I had changed the body’s proportions for ever. It no longer filled the space it should. The bone stuck out of the muscle and tissue, the end flat with deep red marrow and surrounded by the sharp white where I had mutilated it.
He told them that he was pleased so far but wanted to get everything closed up before anyone took a break. He asked for the rasp to remove the sharp edges I had left. And then the woman near the body’s head told him something wasn’t going according to plan.
‘Al, I think he’s crashing.’
‘What? Why now, Sarah?’
‘I’m not sure.’
‘Is he going into arrest?’
‘Just keep going, but you need to be quick.’
‘Mike, irrigate now,’ he said. ‘Get as much bone dust and fragments out as you can. And let’s check ligation quickly, release the tourniquet.’
One of them poured water over the wound and brushed the pearly mass with a hand. Someone released the tourniquet and the vessels showed red and pulsed. ‘Looks good.’

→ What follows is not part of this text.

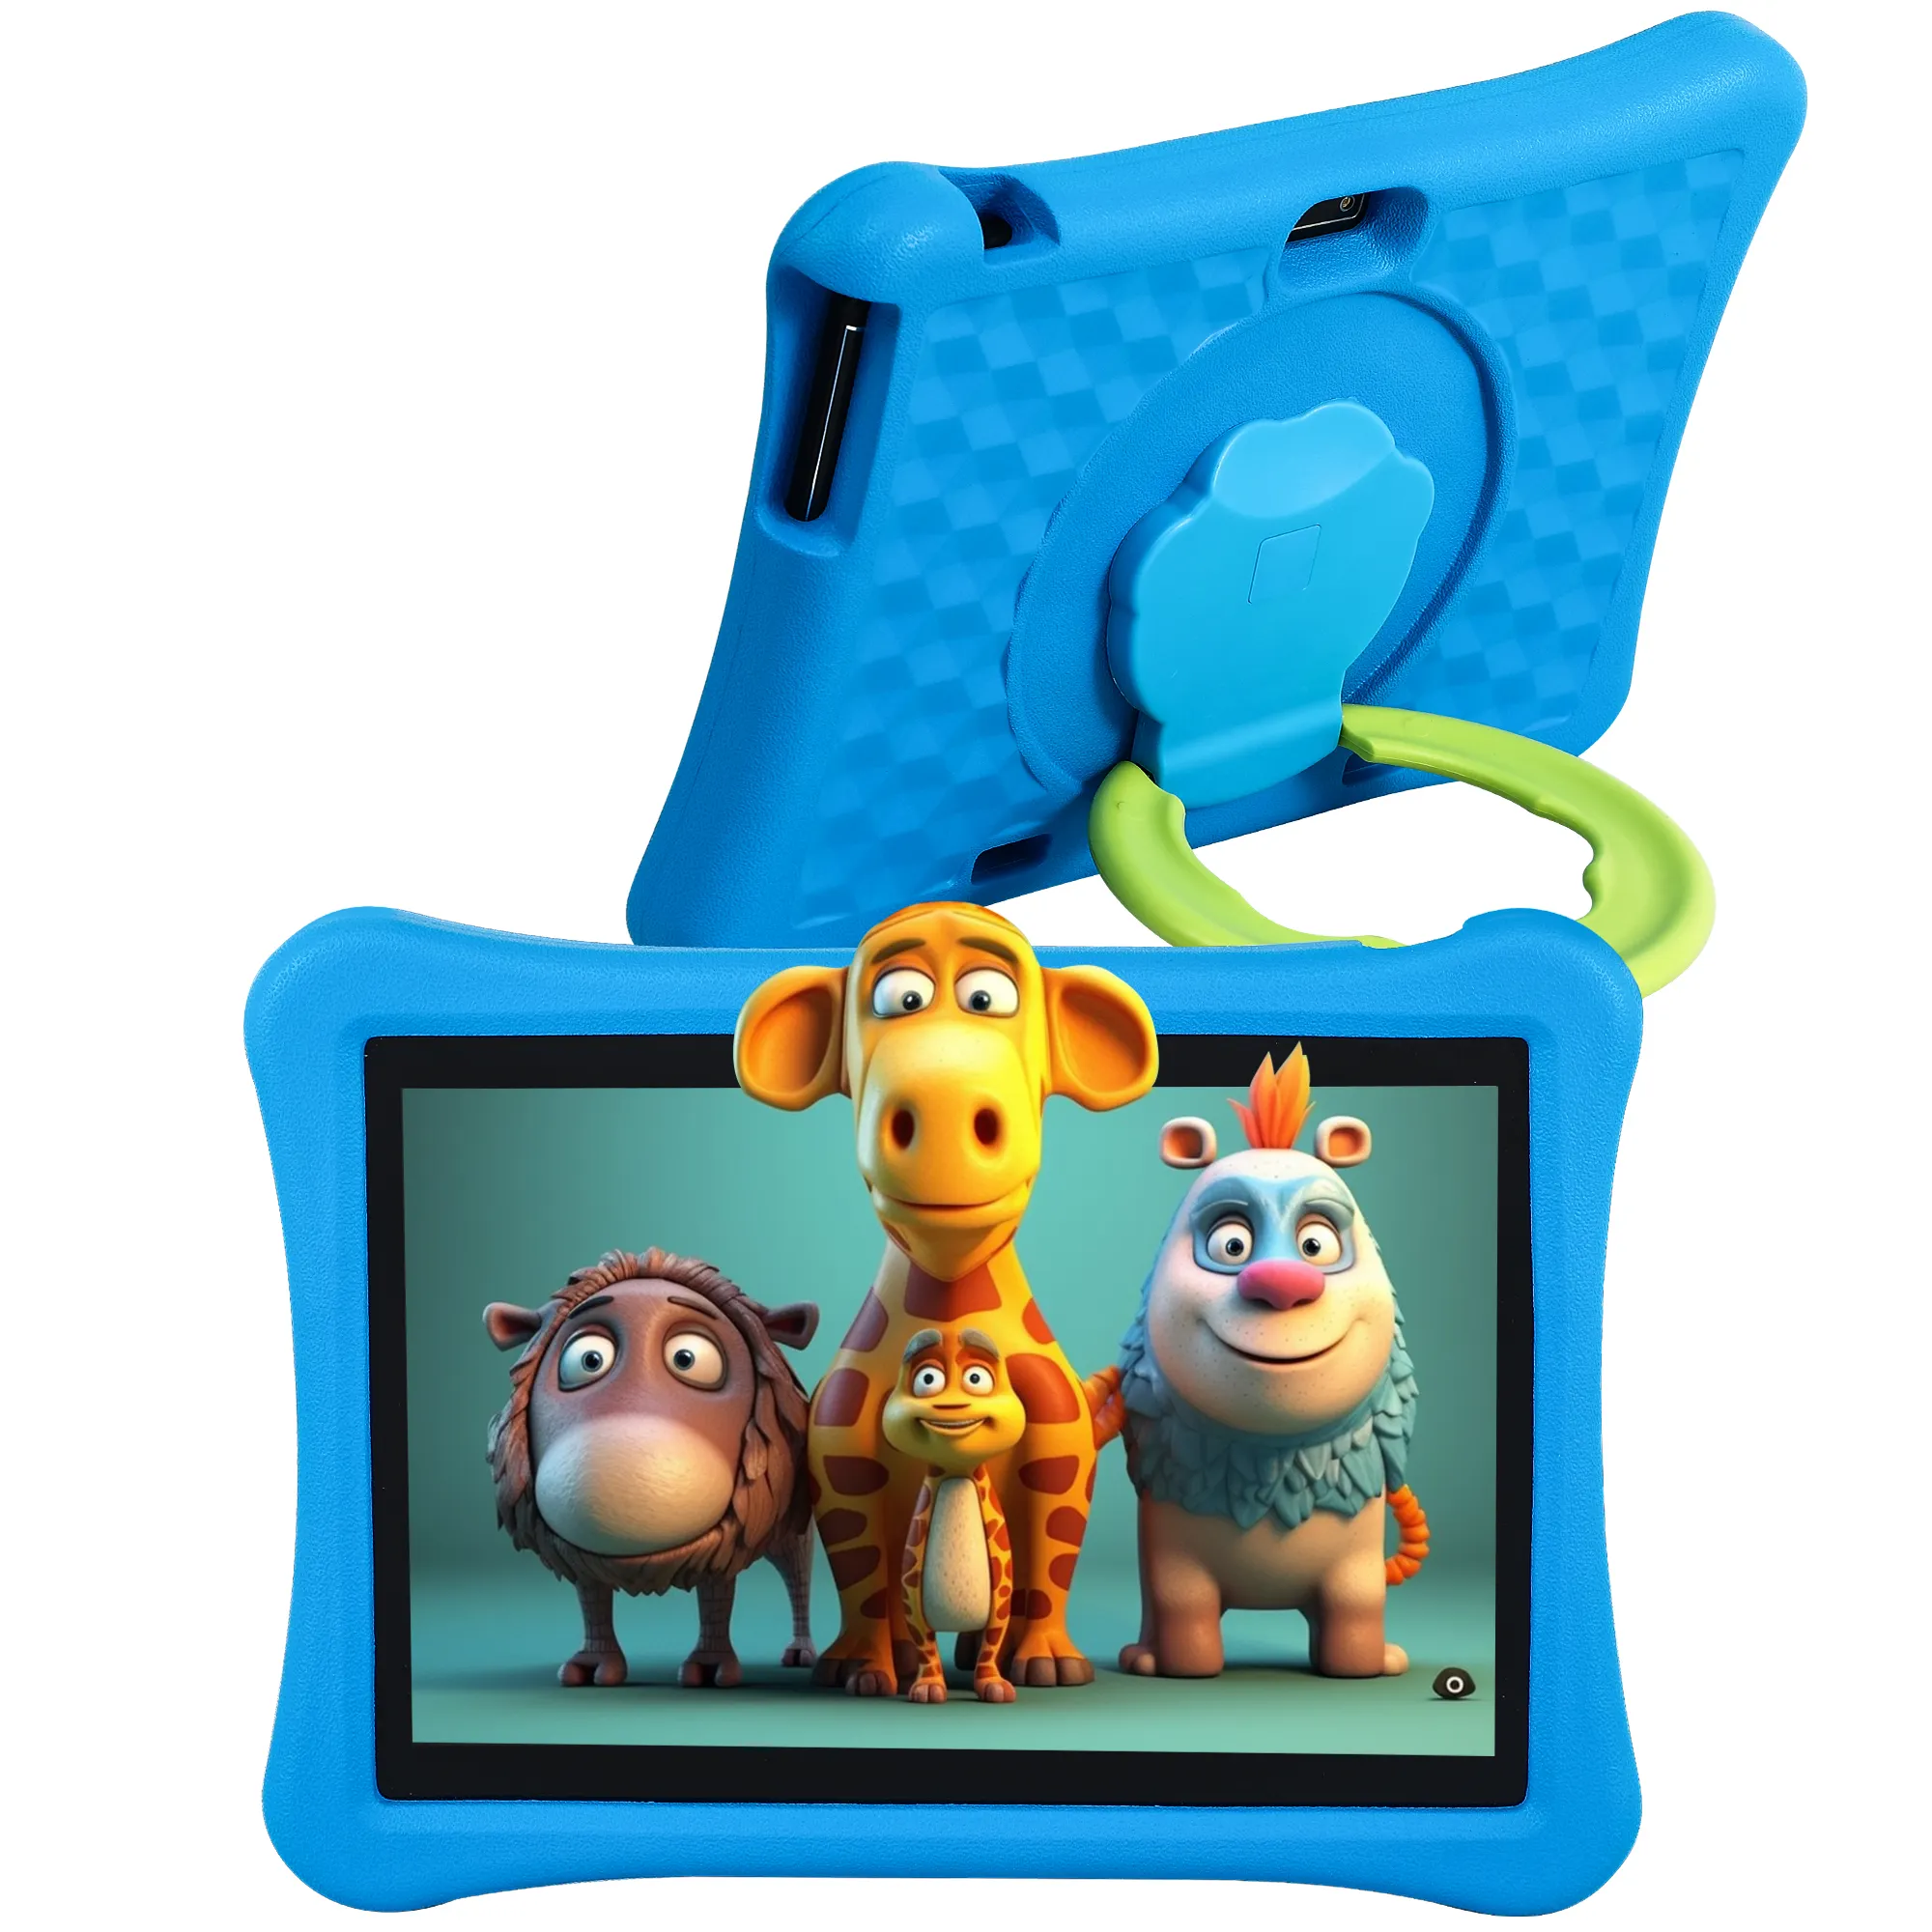 جهاز كمبيوتر لوحي Veidoo شاشة 10 بوصات يعمل بنظام Android للأطفال مع ذاكرة وصول عشوائي سعة 8 جيجابايت وذاكرة قراءة فقط سعة 64 جيجابايت (تطويل 4+4) مع خاصية حماية الطفل من الصدمات ومزود بتطبيق التحكم الأبوي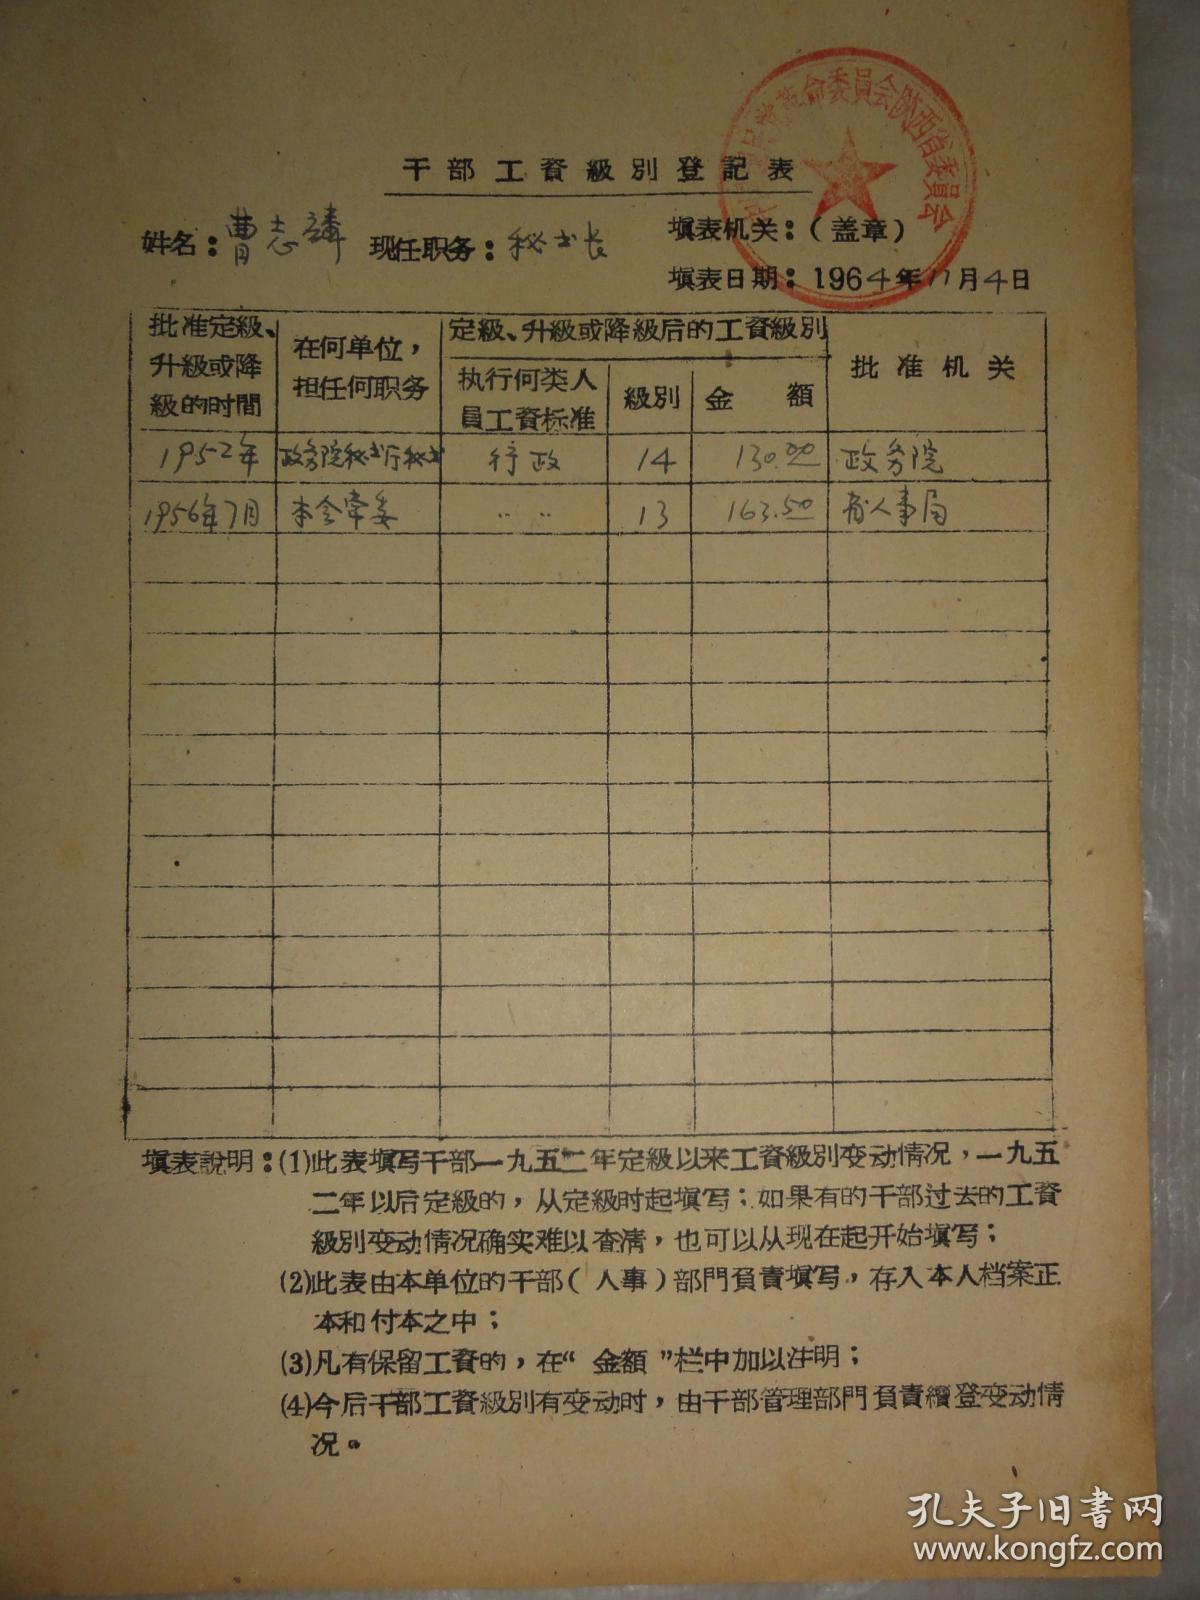 曹志麟 干部工资级别登记表(1964年)

‘No, that one’s split.’ Blood seeped and then burst out in a sudden rivulet. ‘Quick, tourniquet back on.’ He worked rapidly and re-clamped the vessel, holding his breath as his hand shook.
‘Well done, Al. Shall we rasp the sharp edges?’
‘No time, Nadia. I’m going to perform the myodesis now. Drill.’
The drill next to me on the trolley was given to him. He placed it against the femur and drilled holes through the end of the bone.
‘Sutures,’ he said. They were handed to him, and he threaded them through the holes and into the centre of the bone. He passed the curved needle back through the holes so six lengths of thin white cord lay out across the table.
‘Nadia, get the medial hamstring ready. I’m going to do it straight away.’ She used forceps to stretch a white band out of the tissue. The needle was squashed through the tendon and the white thread followed until the band was pulled tight across the end of the bone.
‘Secure?’ he said.
‘Looks good,’ she said.
‘Sarah, how’s he doing?’
‘The quicker the better, Al. His cardiovascular system is stressed.’